**Description of the task**
Go to the line that contains "Who needs luck?" in the listing below, then output it and every line after it exactly, omitting pictures.

**Source data**
---+---

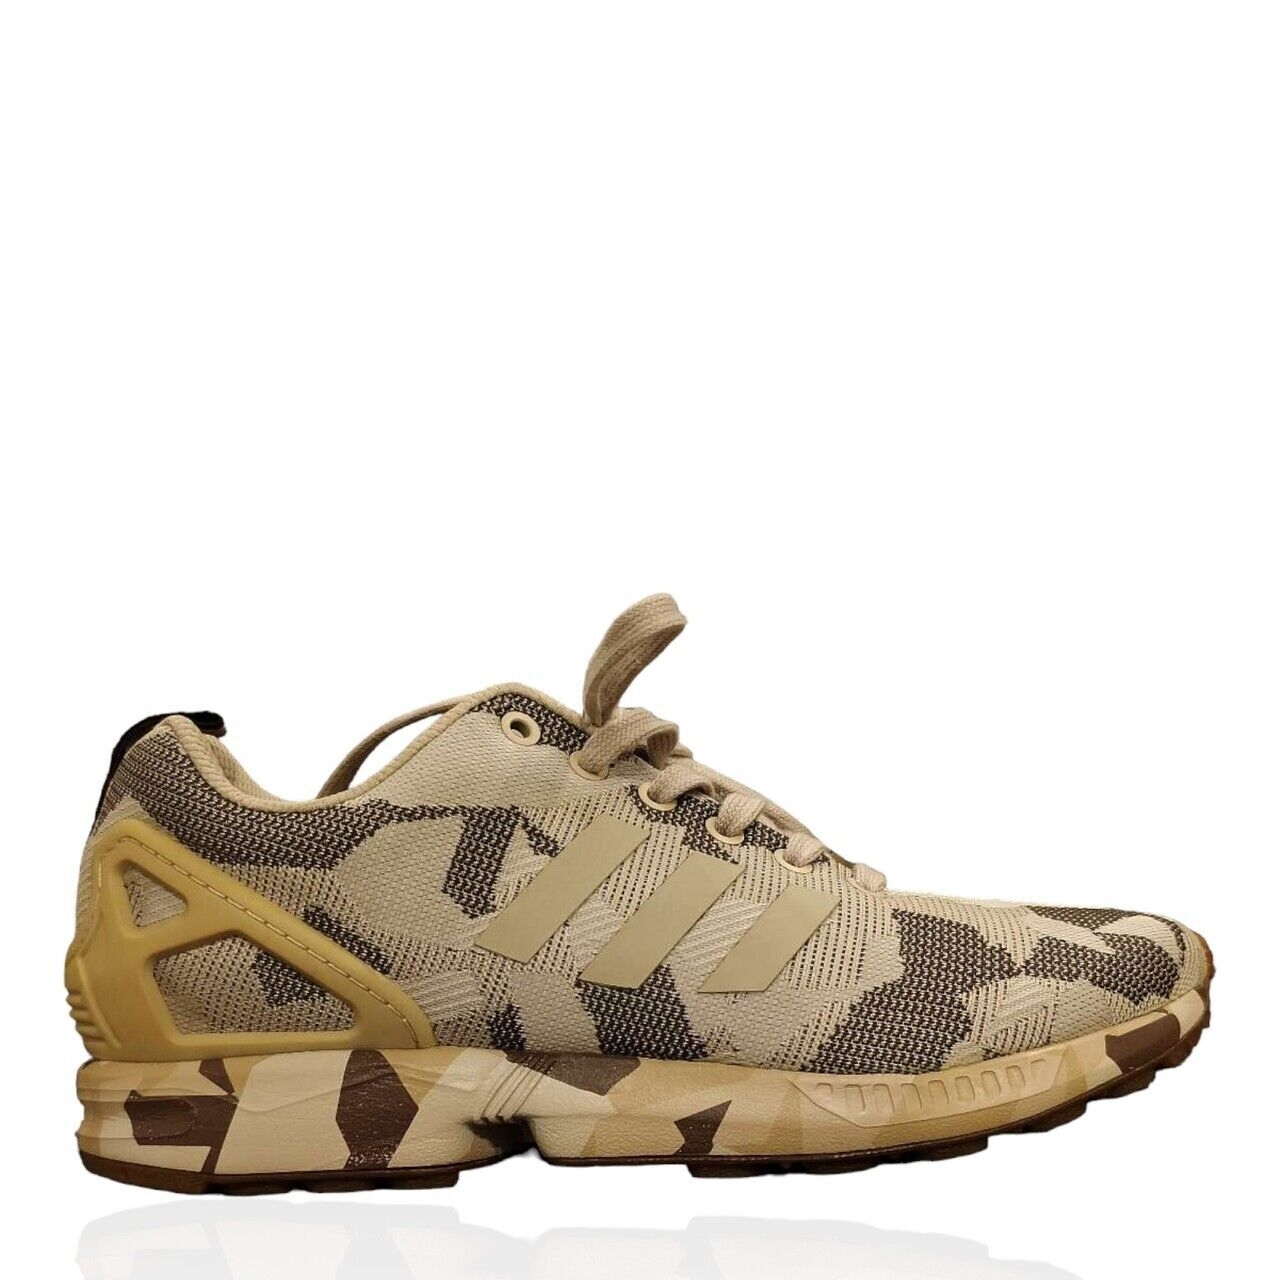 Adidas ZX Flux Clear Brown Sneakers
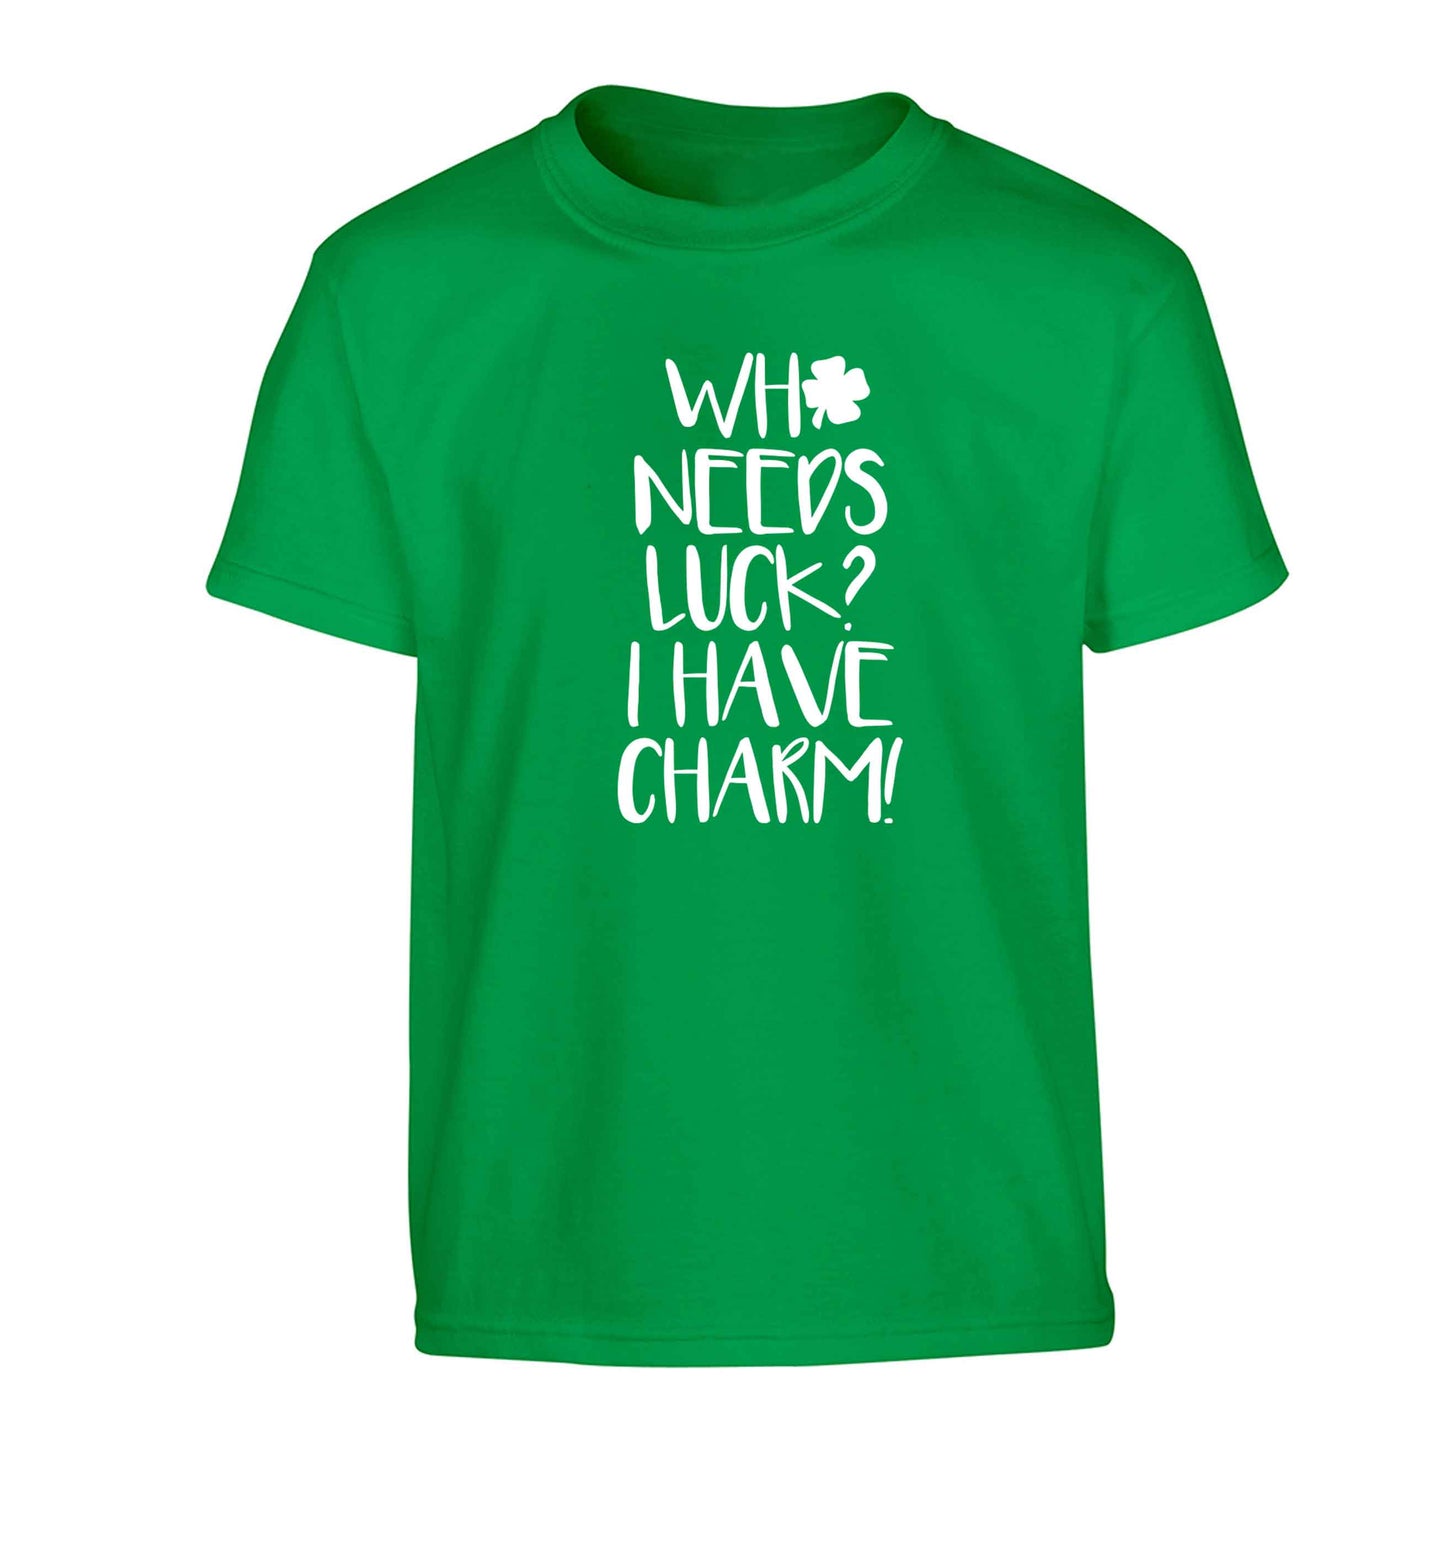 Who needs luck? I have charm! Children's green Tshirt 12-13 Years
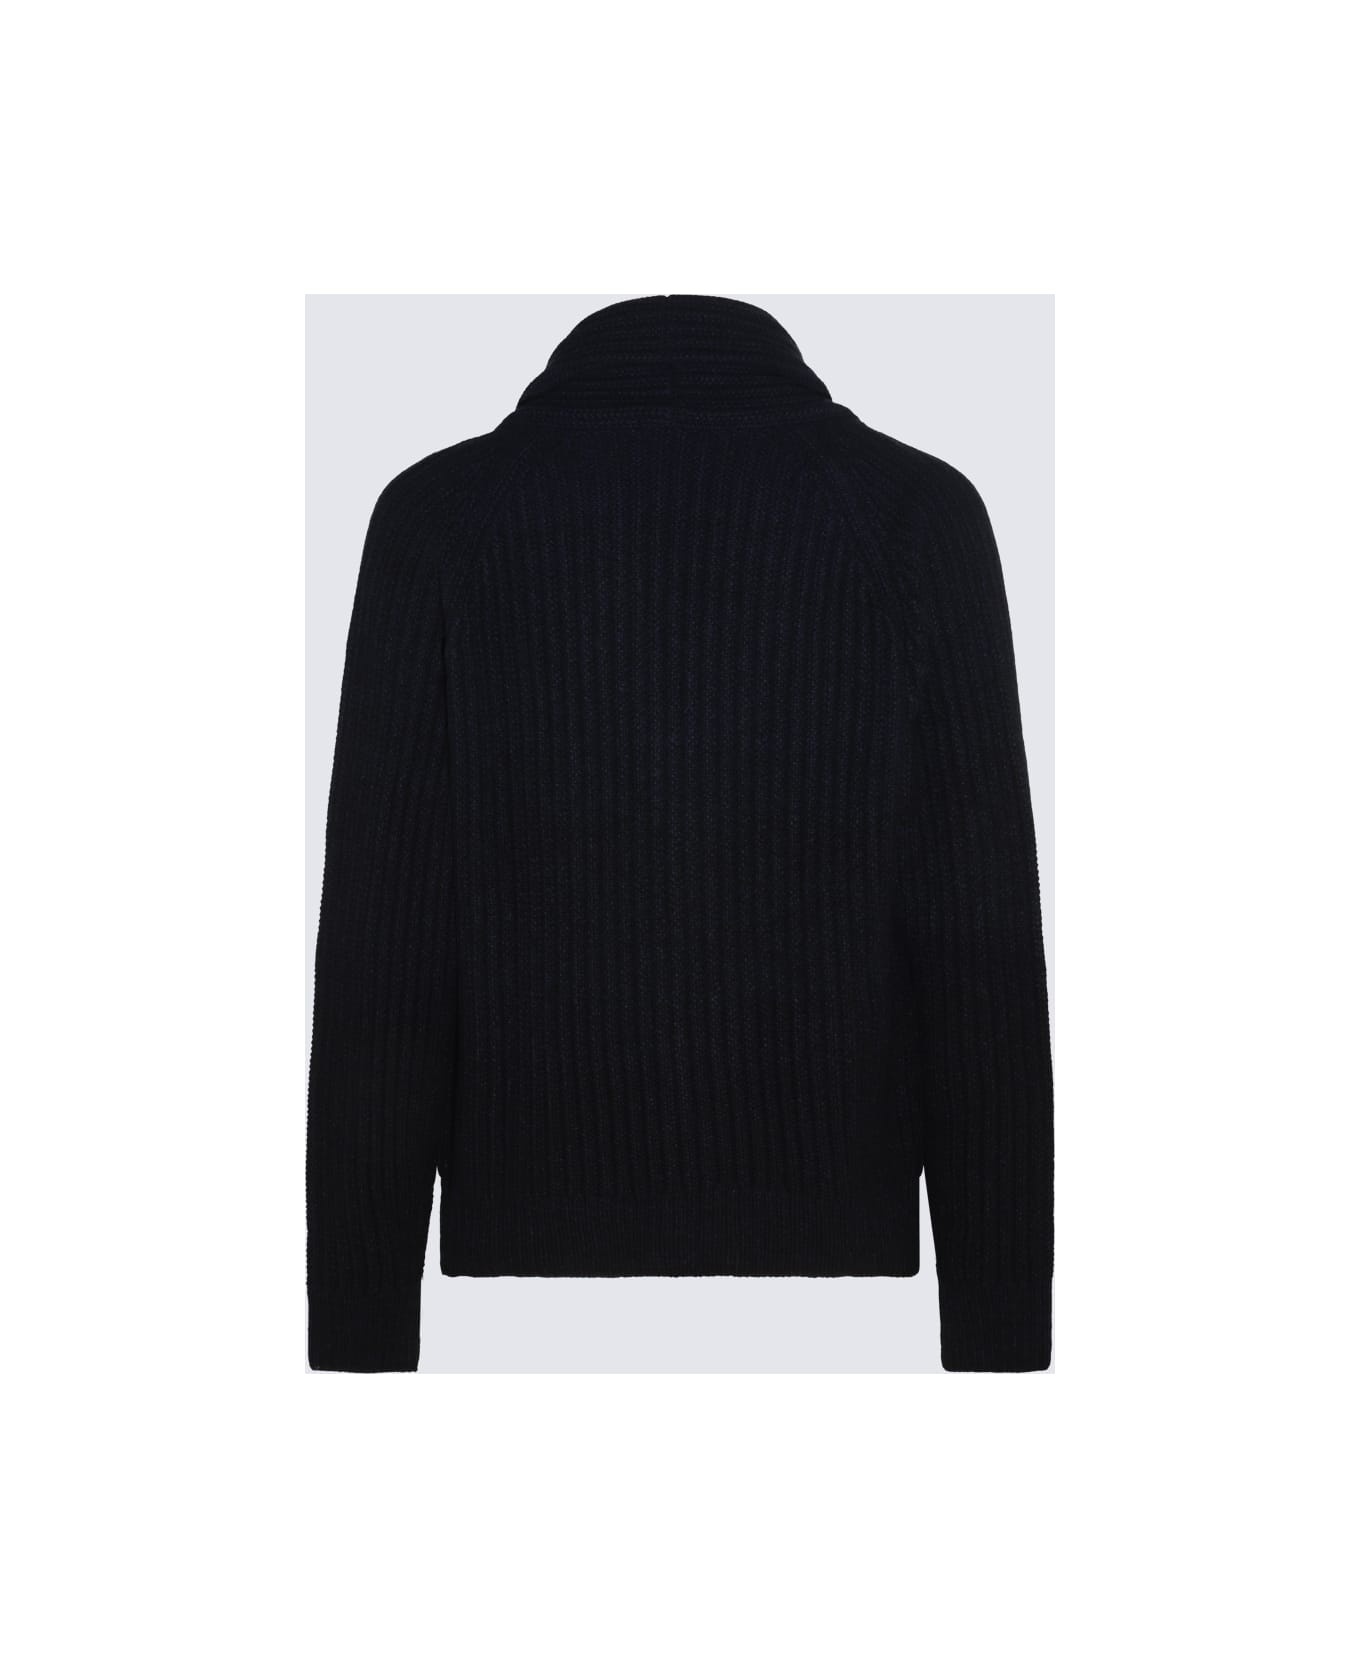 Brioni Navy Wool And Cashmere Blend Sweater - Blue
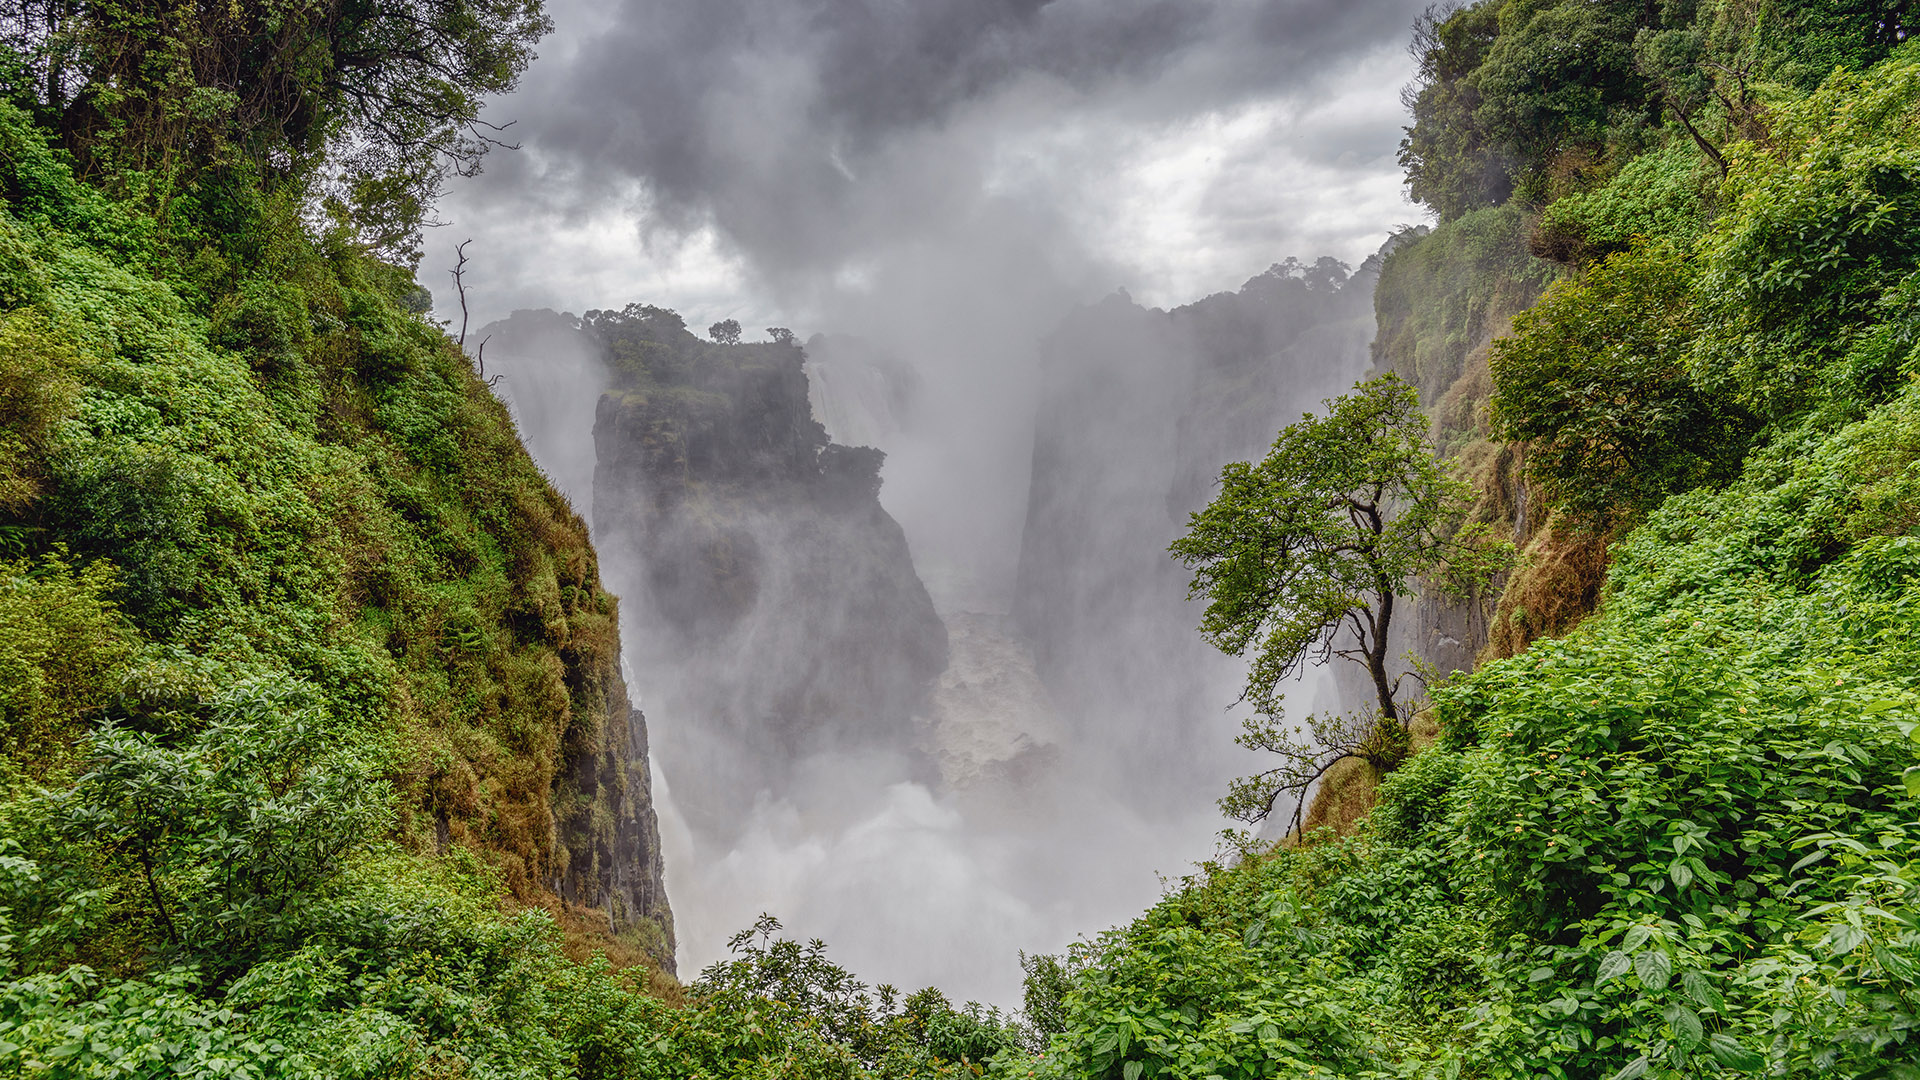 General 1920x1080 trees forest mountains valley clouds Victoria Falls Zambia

---+---

**Exercise result**
 Who needs luck? I have charm! Children's green Tshirt 12-13 Years
 Brioni Navy Wool And Cashmere Blend Sweater - Blue
 General 1920x1080 trees forest mountains valley clouds Victoria Falls Zambia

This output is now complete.